In the last major antitrust case involving a technology giant, Microsoft was accused of using its monopoly on computer operating systems to force PC providers to pay for its software even if they didn’t use it, and of other kinds of behavior that crushed competitors and distorted the market. The company eventually settled the case by agreeing to a number of concessions. But the case against Google is a very different one: The company doesn’t actually make anything in the classical sense, and the product it’s best known for — search — is provided to users free of charge, and is paid for by advertising.

As I describe in a new research report for GigaOM Pro looking at the Google case (subscription required), the charges being levelled at the company are twofold. The first charge is that the company has a monopoly on search and on search-related advertising and this gives it an unreasonable amount of control over how content is found online, as well as an ocean of cash generated by those ads. The second allegation is that Google uses the money from its advertising monopoly to develop or buy services that compete with those from other companies, then it uses its control over search to give those services preferential treatment in its search results.

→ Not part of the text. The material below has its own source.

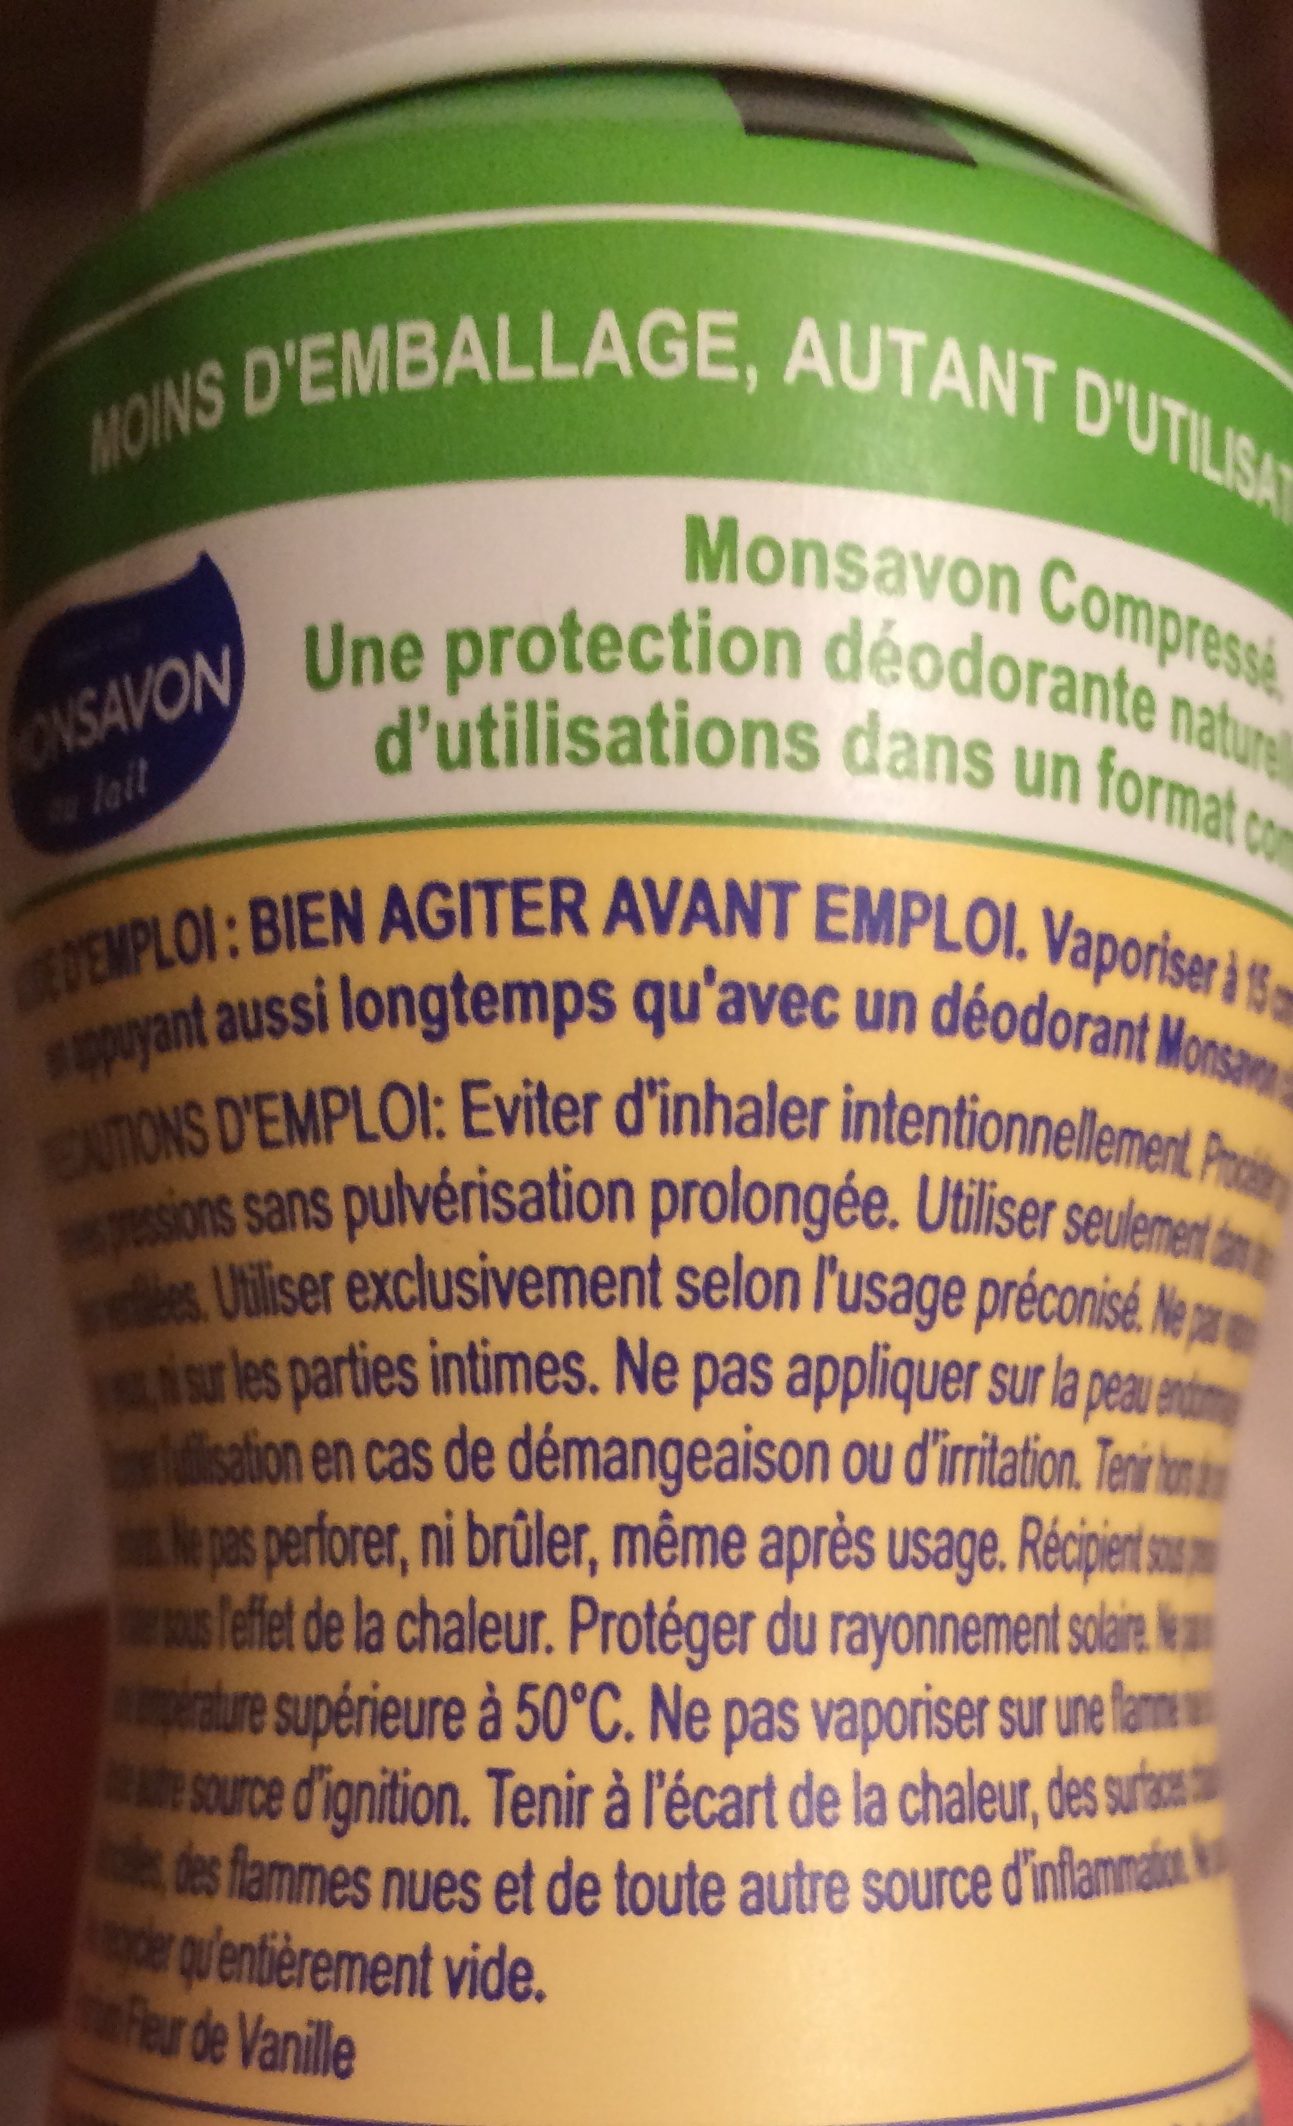 Monsavon Déodorant Femme Spray Compressé Vanille Toute Délicate 100ml - Ingredients - fr
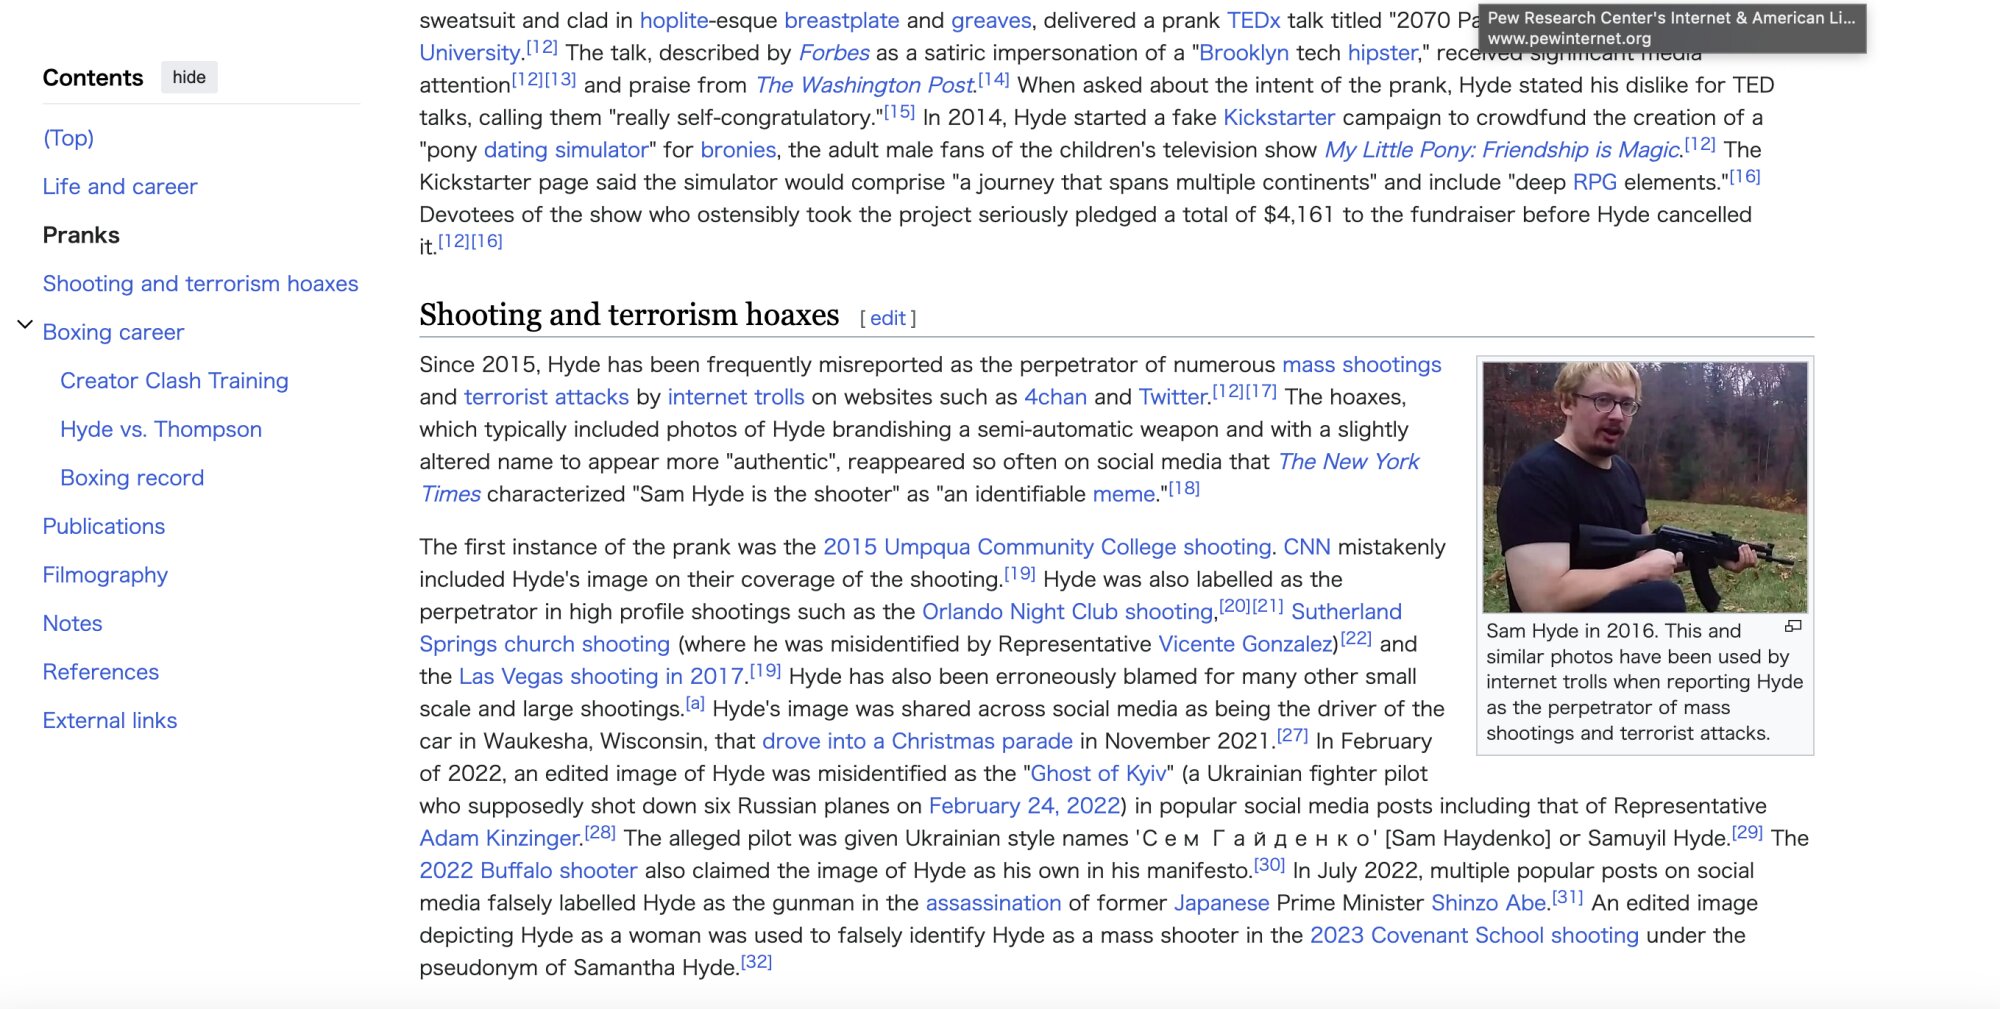 「サム・ハイド」のウィキペディアのページの部分、写っている写真がミーム化してしばしば拡散される。

So in the case of Yelp — whose founder and CEO Jeremy Stoppelman testified in a recent Senate hearing regarding Google’s behavior, which wasn’t part of the official FTC investigation but raised many of the same issues — the claim is that when Google couldn’t acquire the company for its local recommendations, it first tried to steal Yelp’s content and use it without asking, then threatened to remove Yelp from Google’s search results altogether and finally bought a competing service called Zagat.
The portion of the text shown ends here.